I met Jan on the Crescent City Amtrak train. I was going to my brother’s college graduation in D.C., and she was heading home to the Big Easy after making art gallery rounds in Manhattan. We struck up a conversation in the bar car, and have been lifelong friends ever since. She was with me in the mid-1980s when we fell upon the dignified yet decrepit plantation, Ashland-Belle Helene, which inspired my debut novel, Plantation Shudders: A Cajun Country Mystery. Jan and I attended my one and only ticker tape parade when the Mets won the World Series in 1986. Next to this paragraph is the fabulous wedding present Jan sent when I got married in 1994.

Jan’s work is interdisciplinary.
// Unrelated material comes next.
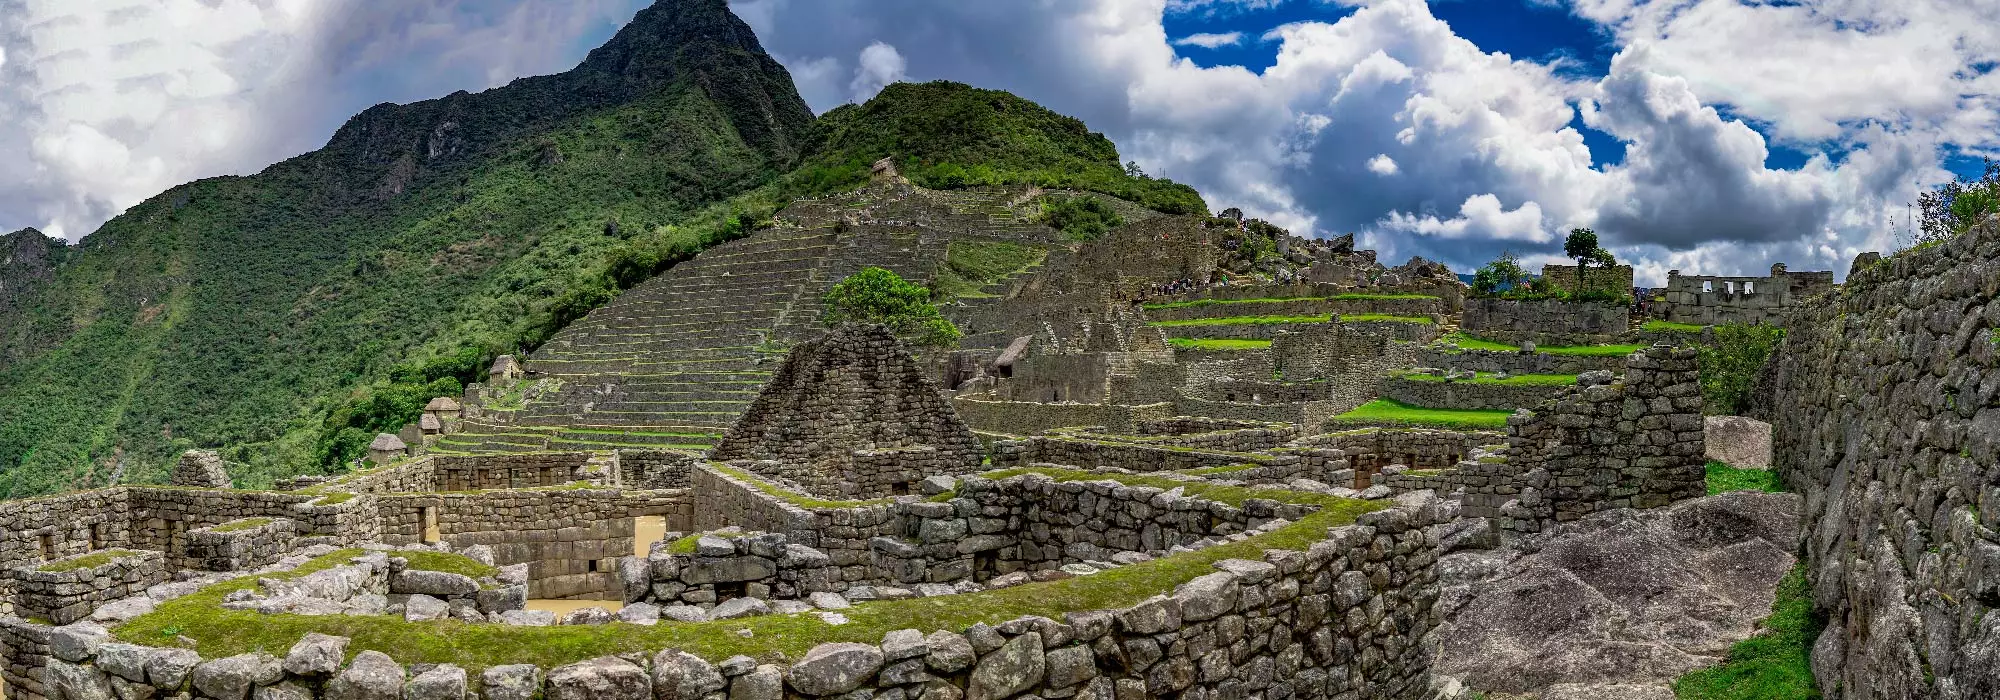 A Guide to Hiking to Machu Picchu

She often develops public art projects aimed at audiences that wouldn’t set foot in a gallery or museum setting, frequently collaborating with other artists. Here's an example from Louisiana Prayer Flags, a series she’s co-created with Babette Beaullieu. (Jan and Babette are also finalizing details to participate in the first Experience Louisiana Festival in Eunice this fall, which sounds amazing!)

Vestiges/trinitas, another collaboration, began in 1984 as a way for New Orleans writers and visual artists to investigate the interconnection of image and text. Jan and fellow artist Debra Howell, who founded the Vestiges Project, will be commemorating Hurricane Katrina’s tenth anniversary with the exhibit, Marking Memories 2005-2015, at Reese Gallery in St. Louis, Missouri.

Jan could be in New York. She could be in L.A. But she’s not. She remains in New Orleans, which her family has called home since the mid-1800s. What keeps her there? “Its unvarnished sensibility, the realness,” she says. “Oh, and its ritualistic celebration of everything, even death. It is HOME, and deeply resonant in every way.”